Lankshear et al. (1997) reminds us that there was nothing ‘natural’ about what goes on in school geography, what counts as geography reflecting the interests of powerful social groups. At the time of the first National Curriculum it was the New Right Ideology, which dominated and influenced Educational Policy. The content of this newly codified National Curriculum was presented in a phenomenally successful textbook series (Key Geography) in a ‘winner takes all market’, where a single author’s interpretation ‘set the tone’ for school geography for at least a decade (Castree et al., 2007, p.130). At first glance, in particular for non-specialist teachers of Geography, such a resource would have been championed, however, the dominance of one perspective in the classroom worried many (Roberts, 2009; Castree et al., 2007). Subsequent reforms of the National Curriculum had the intention to ‘simplify and reduce the burdens of a cumbersome curriculum on teachers and students’ (Lambert and Morgan, 2009 p.148) but geography remained tarred as a utilitarian and informational subject, unable to evolve.
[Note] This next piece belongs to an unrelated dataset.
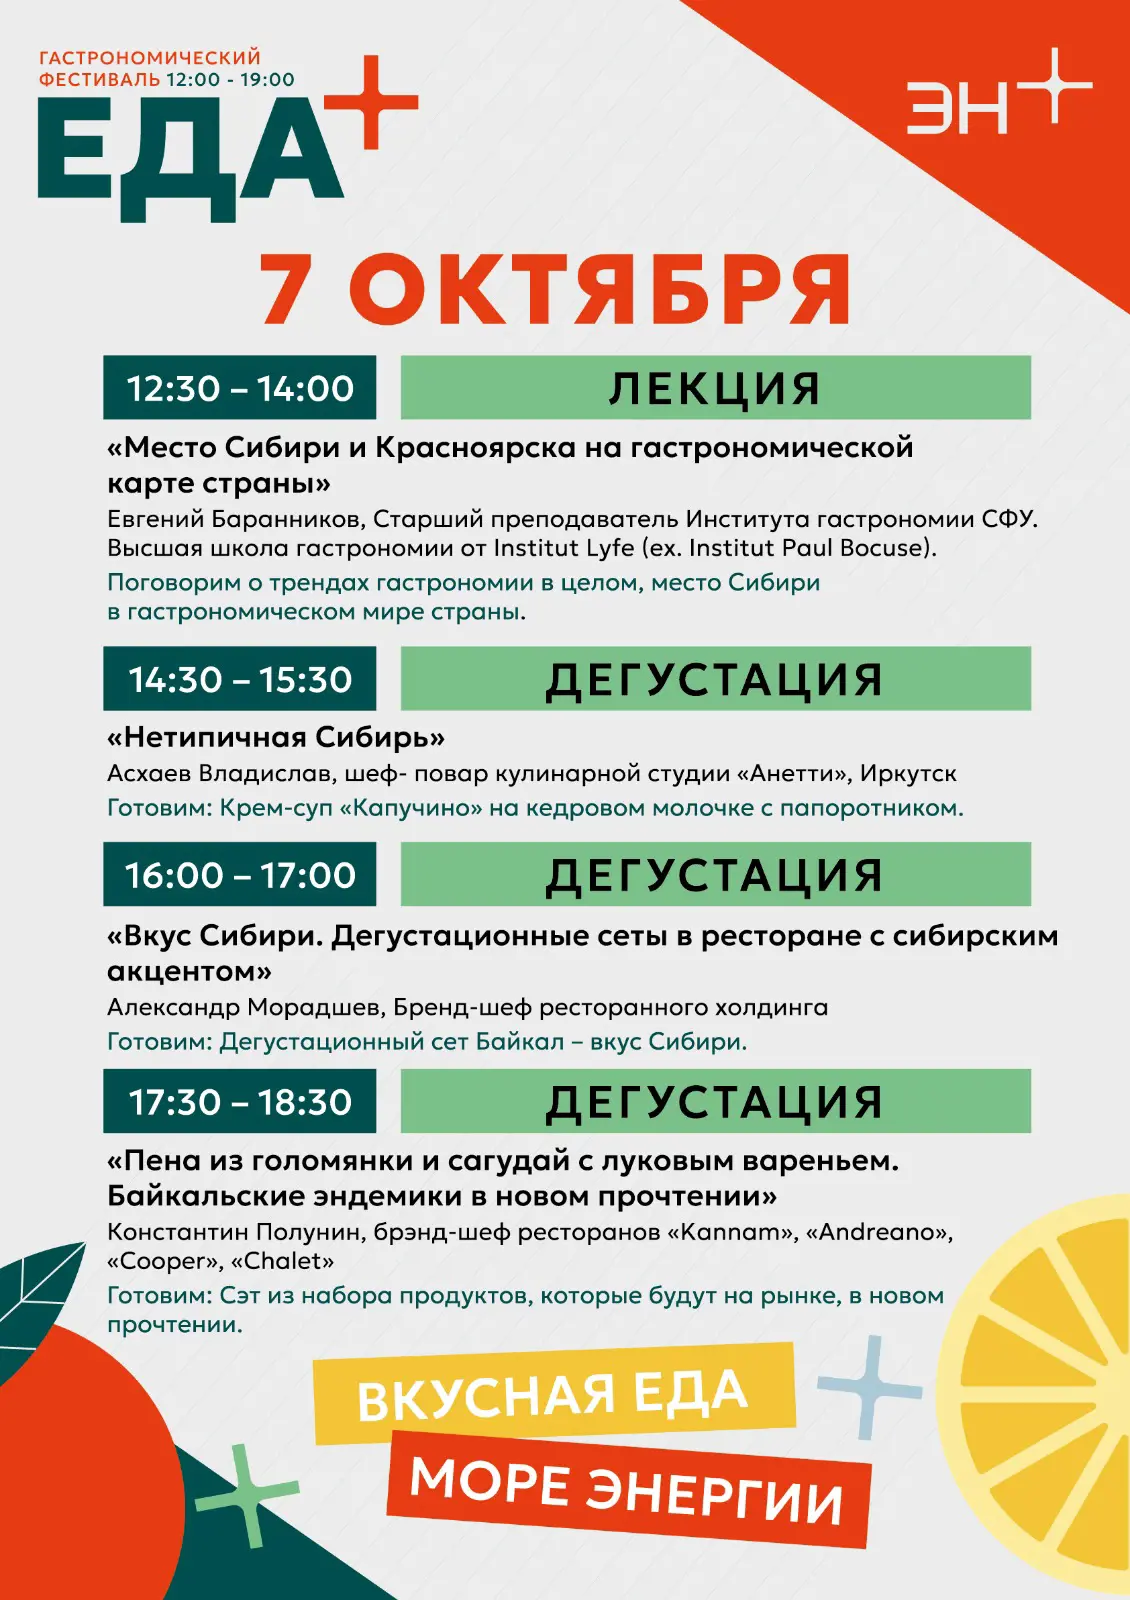 «Место Сибири на гастрономической карте страны»: фестиваль «Еда+» приглашает зарегистрироваться на лекции известных шеф-поваров

Later reviews of the National Curriculum finally saw the ‘re-emergence of progressive educational features such as geographical enquiry, values and a global dimension’ (Rawling, 2001, p.22), as well as aims, but the subject-based information-driven curriculum as was first introduced in 1991, has by momentum, continued to dominate school geography through to today.
The curriculum changes occurring in school geography was also taking place in post-16 geography. Since the introduction of Curriculum 2000, British schools have had a choice of specifications written by the five competing exam boards, the English exam specifications being written by Pearson Qualification Services (formerly Edexcel); AQA and Oxford, Cambridge and RSA Examinations (OCR). The writing of GCE specifications; all different in terms of knowledge, skills and assessment, were previously overseen by the Qualifications and Curriculum Authority (QCA). That is, until the creation of Ofqual in April 2008, who, unlike their predecessors, were accountable only to Parliament rather than to government ministers. With a life-cycle of around six years, specifications becoming out-dated in our rapidly changing world, stifling emerging concepts, knowledge and innovation (Leadbeater, 2008). The most recent specification update for geography occurred in 2008 and this working version will probably run to 2015, when as a consequence of Ofqual’s A-level Reform Consultation (2012) there will be significant changes to the A-level structure, higher education endorsements and specification content as set out by Michael Gove MP, Secretary of State for Education.
Since the publication of the Schools White Paper: The Importance of Teaching (DfE, 2010) policy related to school curriculum, assessment and accountability are all under review. As was the case in past curriculum reviews the opinions of stakeholders have been sort. With greater media exposure, political reforms and expansion of for-profit educational businesses, there are more stakeholders with a significant interest in developing the new school curriculum than ever there has been in the past, especially if the government follow through their desire to have only one exam board and specification per subject and a curriculum which is not centrally constructed, since the demise of the Qualifications and Curriculum Development Agency as of 31 March 2012 (Mansell, 2012).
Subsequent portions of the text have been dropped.